In 1594, Jesuit missionary Matteo Ricci excitedly hailed the coming of Catholicism to China after "having been blocked for thousands of years by high mountains and lofty hills, by the impassible Islamic barriers." He celebrated the clear compatibility of China and the Roman Catholic Church's long-separated traditions and the striking "uniformity between Christian tenets and the ancient Chinese sage's rationality and teachings." Indeed, Ricci saw fantastic success during his time in China, becoming an adviser to the Kangxi emperor and winning numerous high-profile converts. But frictions that spelled trouble for Catholicism as a mainstream Chinese religion were on their way. In 1700, there were an estimated 200,000 Chinese Catholics. Three decades later, the adherents of the "Religion of the Lord of Heaven," as the Chinese called Catholicism at the time, would find themselves cut off from Europe then banned entirely.

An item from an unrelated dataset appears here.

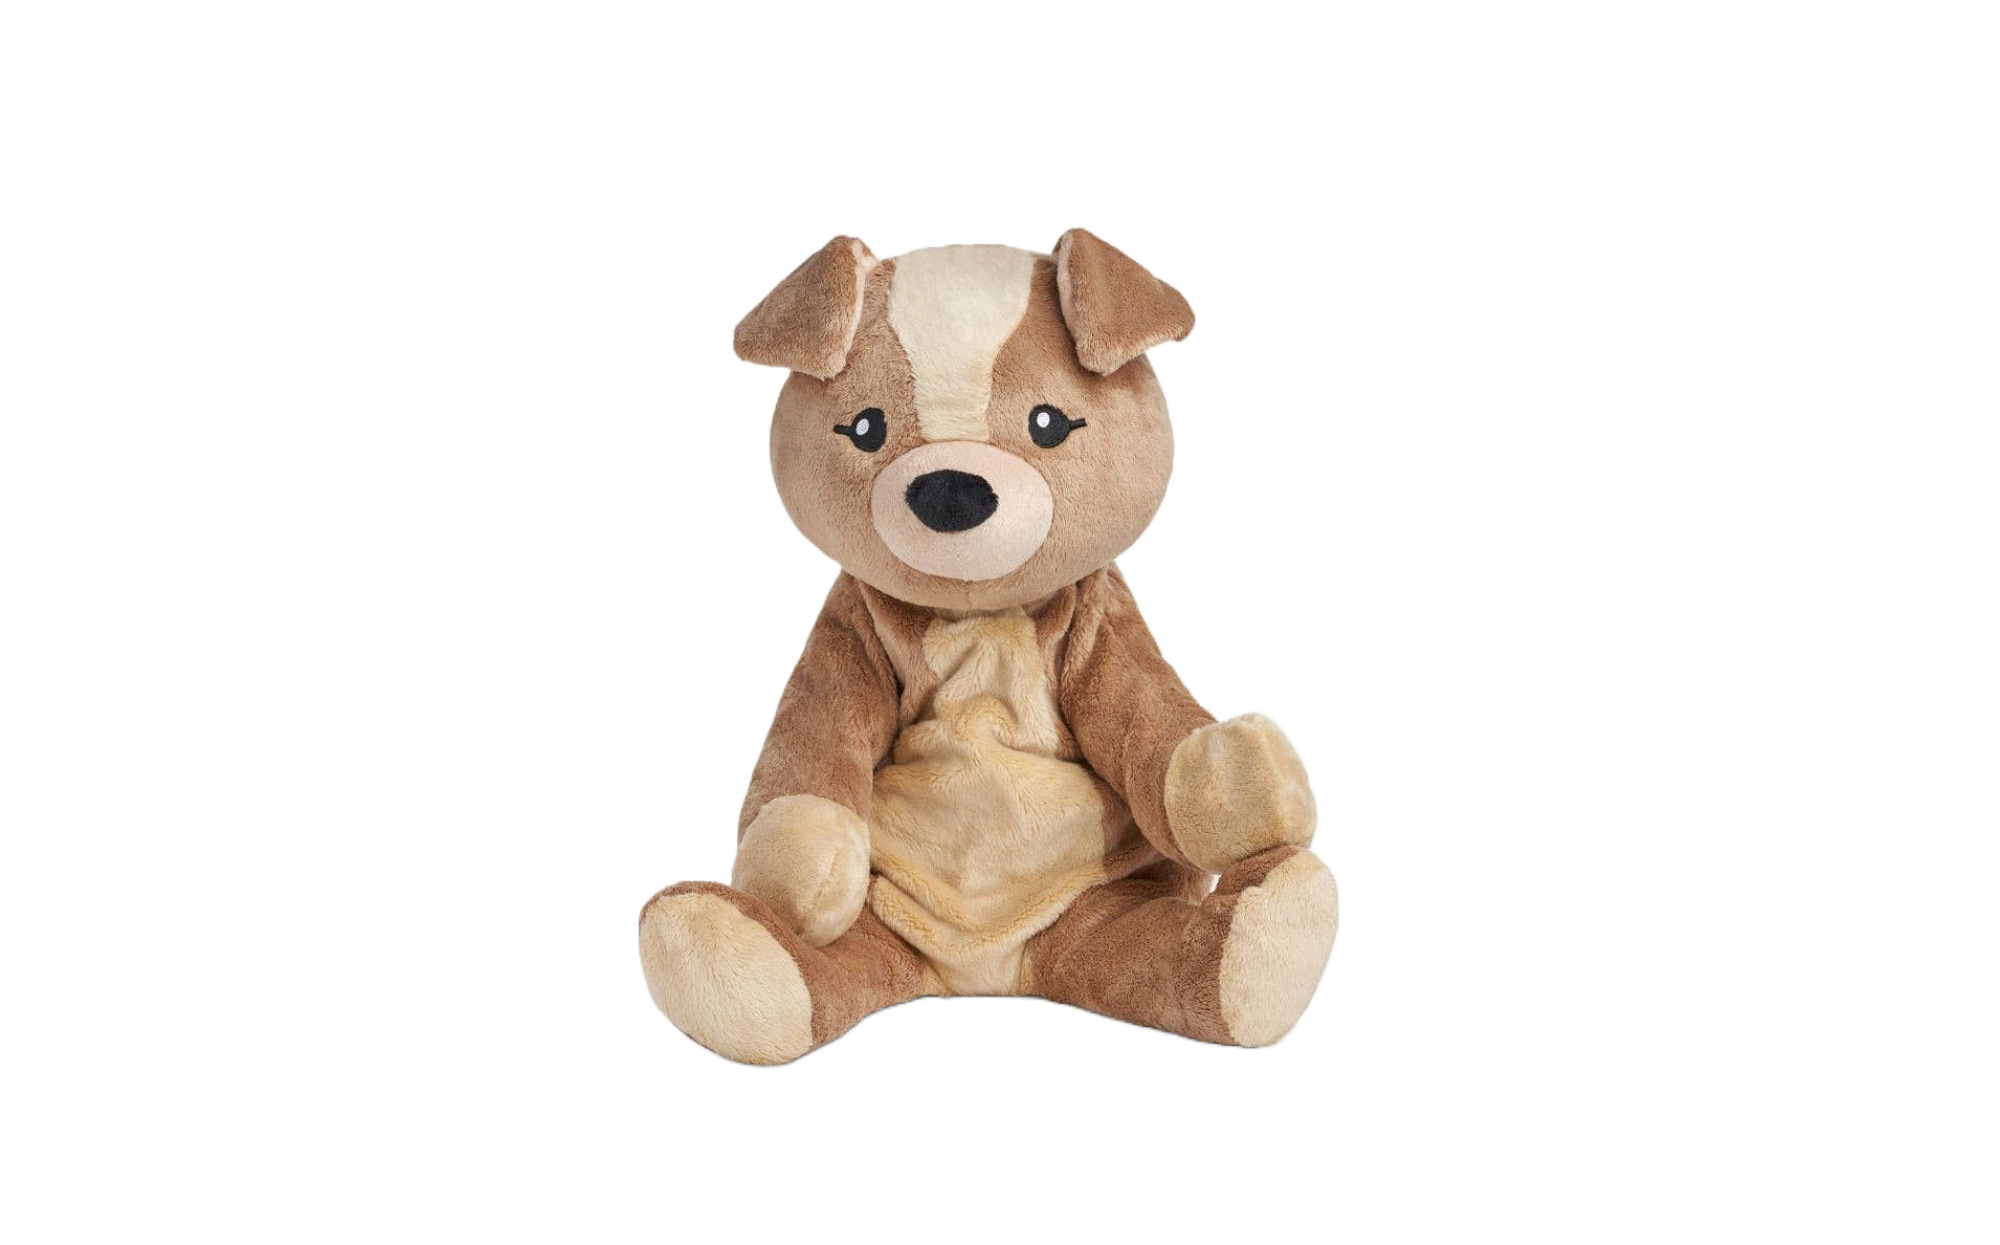 Weighted Puppy - Weights & Comfort Sensory Toy

Catholicism's challenges in China are not unique to the religion. Indeed, they have much more to do with centralized Chinese authorities' near-timeless struggle to assert control over the sprawling empire that now calls itself a country. Over the past several centuries, Christianity as a whole, along with many other faith traditions, has been consistently at odds with secular authorities in China. Today, as Catholicism faces competition for adherents around the world, the Vatican is trying to navigate China's complex political landscape as it aims to establish an official presence in the nation.
As Chinese President Xi Jinping consolidates power and his government works on centralizing, religious movements that have operated in the shadows in China will have less room. With this in mind, the Vatican will be more amenable to compromising with the Chinese state, which has often been at odds with faith traditions. Indeed, the Catholic Church may offer to switch its diplomatic ties from Taiwan to China.
The Benefits and Pitfalls of Faith in the Empire
Faith traditions present both challenges and opportunities for any empire. On the one hand, they make totalizing claims to the truth, which might motivate believers to dissent from the empire's dictates. On the other hand, they can present a valuable tool of legitimacy for the state to wield. For late 16th-century China, embracing Christianity meant gaining access to technologies from and information about Europe, whose tendrils were steadily creeping across the Pacific. But this access was valuable only as long as it did not undermine the power of the state. Throughout China's 3,000-year history, politics has always trumped religion.
Catholicism in China peaked in 1692, when the Kangxi emperor issued an edict of toleration that put Christianity on par with other long-established faith traditions in the empire. But the edict included a veiled warning, noting that the Europeans "are very quiet" and that, unlike "false sects," their religion does not have "any tendency to incite sedition." This made clear that Christianity was acceptable only as long as it remained "quiet" and did not try to erode the foundations of China's political order. Indeed, Catholicism's initial success in China hinged on the clergy's tremendous efforts to learn Chinese philosophy and culture and ingratiate themselves with the country's elites. In 1615, the Vatican even granted Chinese Catholics the unique privilege of being allowed to perform liturgy in Chinese rather than Latin.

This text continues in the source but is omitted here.